Maternal age >35 years and multiple gestations were associated with a higher risk of PPCM, and the PPCM risk increased over the study period (p for trend = 0.0005) (Table 1). In contrast, increasing parity was not associated with PPCM (Table 1). In a sub-cohort with smoking information, smoking was associated with an increased risk of PPCM (RR 2.42, 95% CI 1.51–3.89), but adjustment for smoking did not change the magnitude of the observed associations between HDP and PPCM (S1 Table). In a sub-cohort with BMI information, a BMI ≥35 was associated with a significantly increased risk of PPCM compared with women with BMI <25 (RR 2.42, 95% CI 1.10–5.32) (Table 2).

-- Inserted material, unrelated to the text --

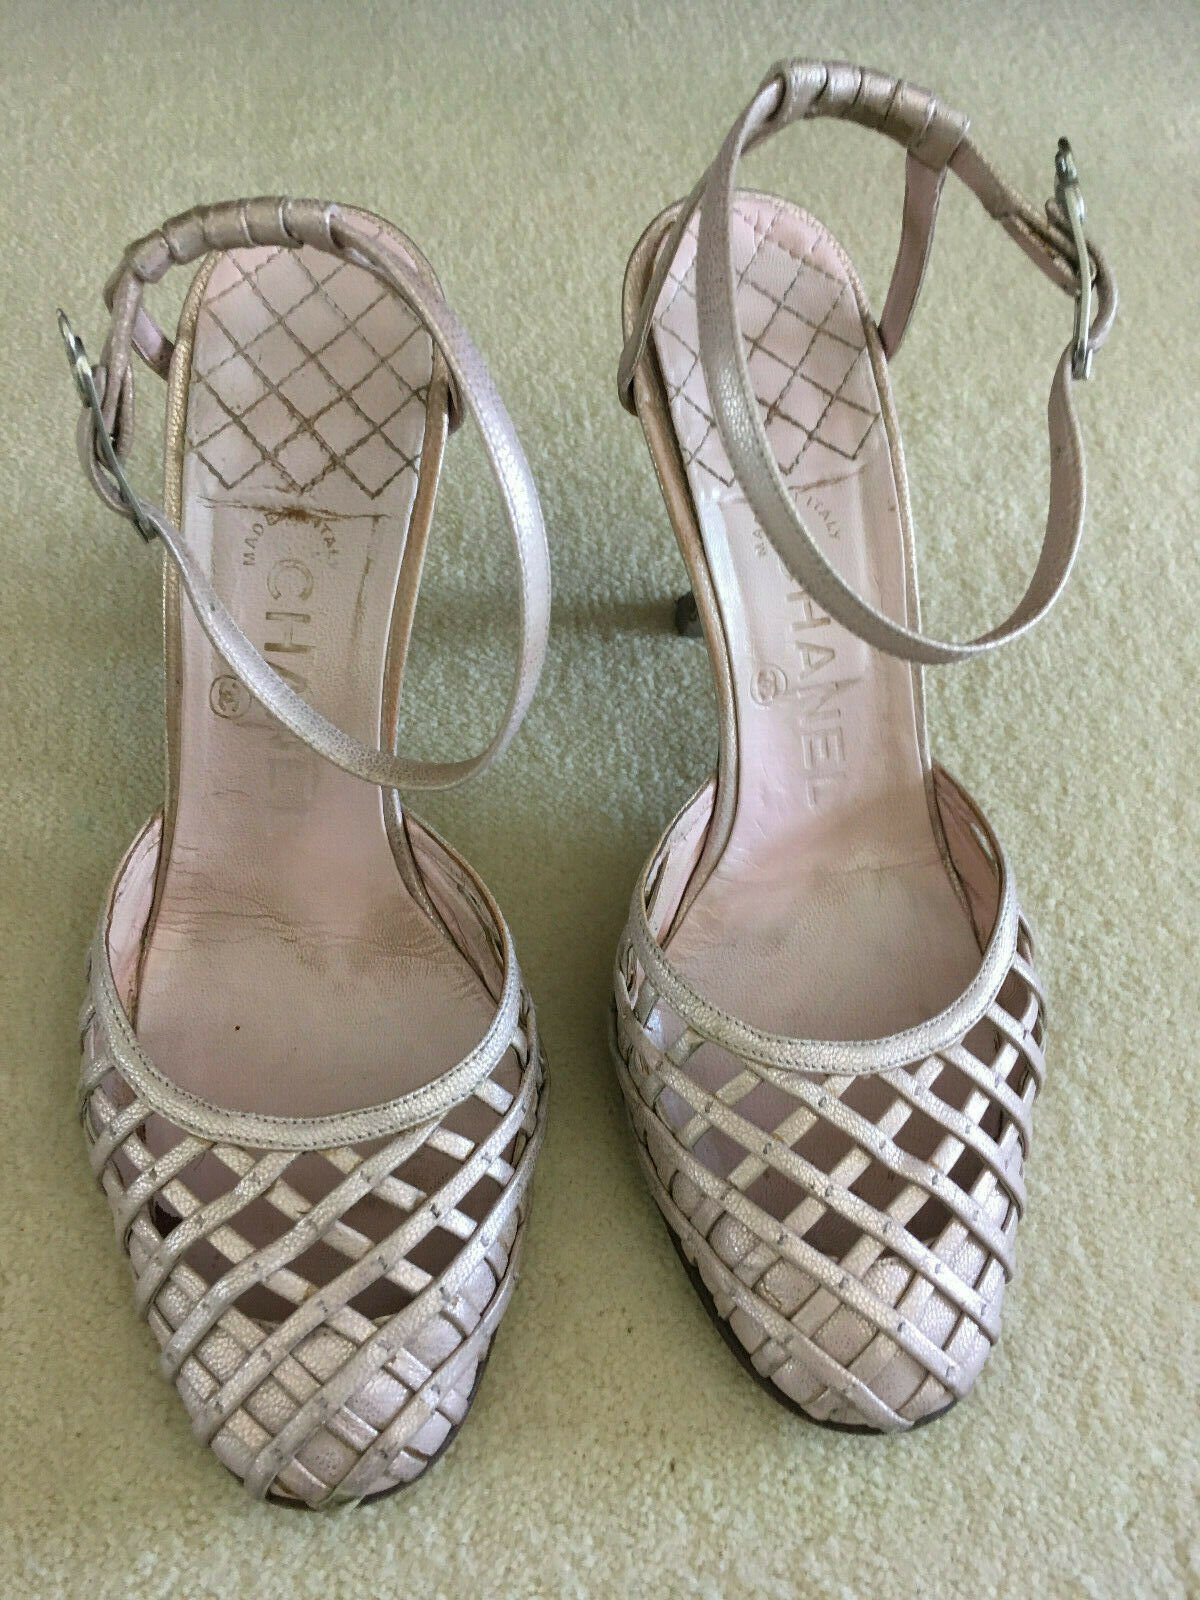 Chanel Fishnet Ankle-Strap Heels in White.jpg

Adjustment for BMI slightly reduced the RRs for moderate preeclampsia and gestational hypertension but did not affect our conclusions (Table 2). Likewise, excluding pregnancies following a diagnosis of diabetes had little effect on the estimates (S2 Table). When we excluded pregnancies occurring after the development of chronic hypertension, the pattern of association with HDP severity remained the same (S2 Table).
Table 2. Risk ratios for peripartum cardiomyopathy by hypertensive disorders of pregnancy in the same pregnancy, additionally adjusted for pre-pregnancy body mass index, among women with ≥1 birth, Denmark, 2004–2012.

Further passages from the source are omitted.